Marjorie Liu has collected together 8 years’ worth of shorter works that have peppered her writing career whilst she was publishing longer novels, and her award-winning work for Marvel comics.

Liu’s authorial comments that bookend each short work are illuminating – she expounds either her methodology or the spark that set the particular story alight.

Her feminist and pro-LGBT themes are what attracted me to the collection to begin with, but what I wasn’t expecting was for her messages of empowerment and visibility to be so elegantly and compellingly drawn. Frankly, these stories moved me.

The importance of the book industry publishing texts that centre on the spectrum of relationships between women, cannot be overstated.
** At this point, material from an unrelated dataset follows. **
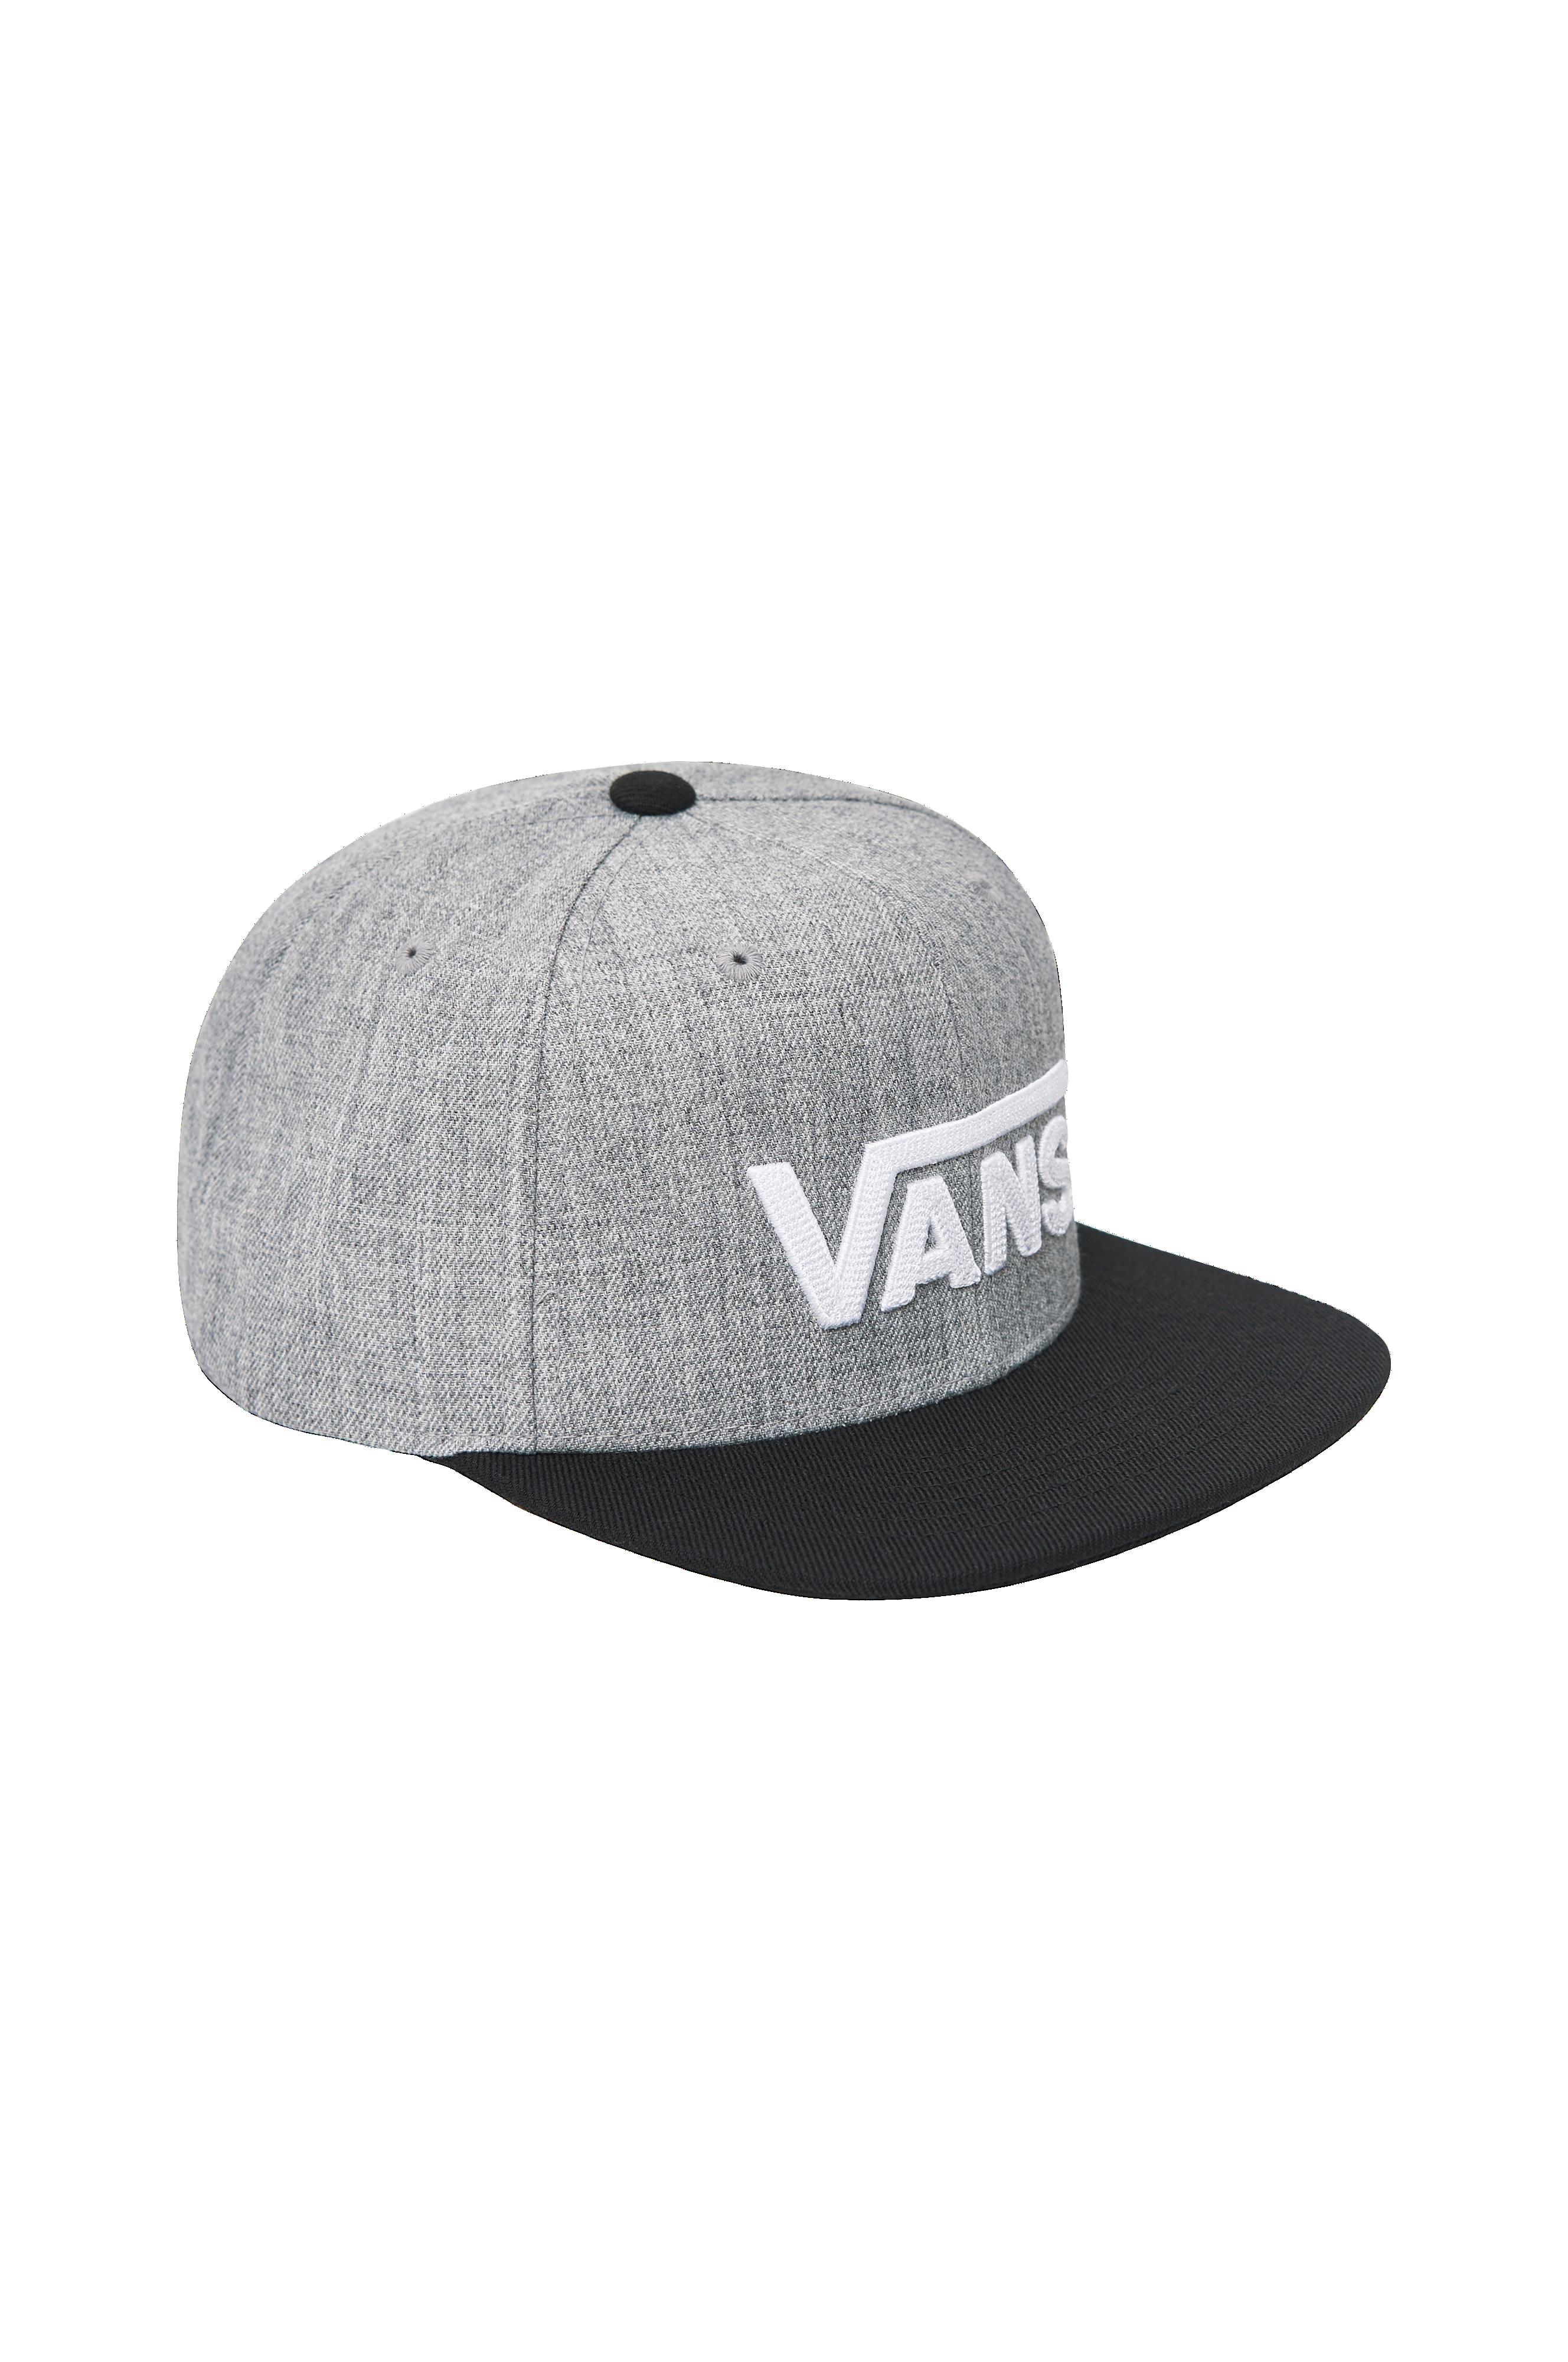 Vans Drop V Snapback Hat -lippis - Harmaa - Lapset - Ellos.fi ddbf4528d7

What Marjorie Liu has crafted here are stories that somehow manage to normalise women’s experiences by situating that gynocentrism in a dynamic range of high fantasy, hard sci-fi, paranormal, and post-modern fairytale reinventions.

I particularly loved ‘Sympathy for the Bones’ and ‘The Light and the Fury’. The standout piece for me here is ‘The Briar and the Rose’. As Liu comments of its bleak Sleeping Beauty source material:
‘I wanted to reinvent it as a tale about women, and the power of women, and how woman save each other and themselves through sisterhood and love. As most women I know will tell you, they don’t always sleep a lot – but they fight plenty.’
My thanks to Titan books for an advanced copy through Netgalley.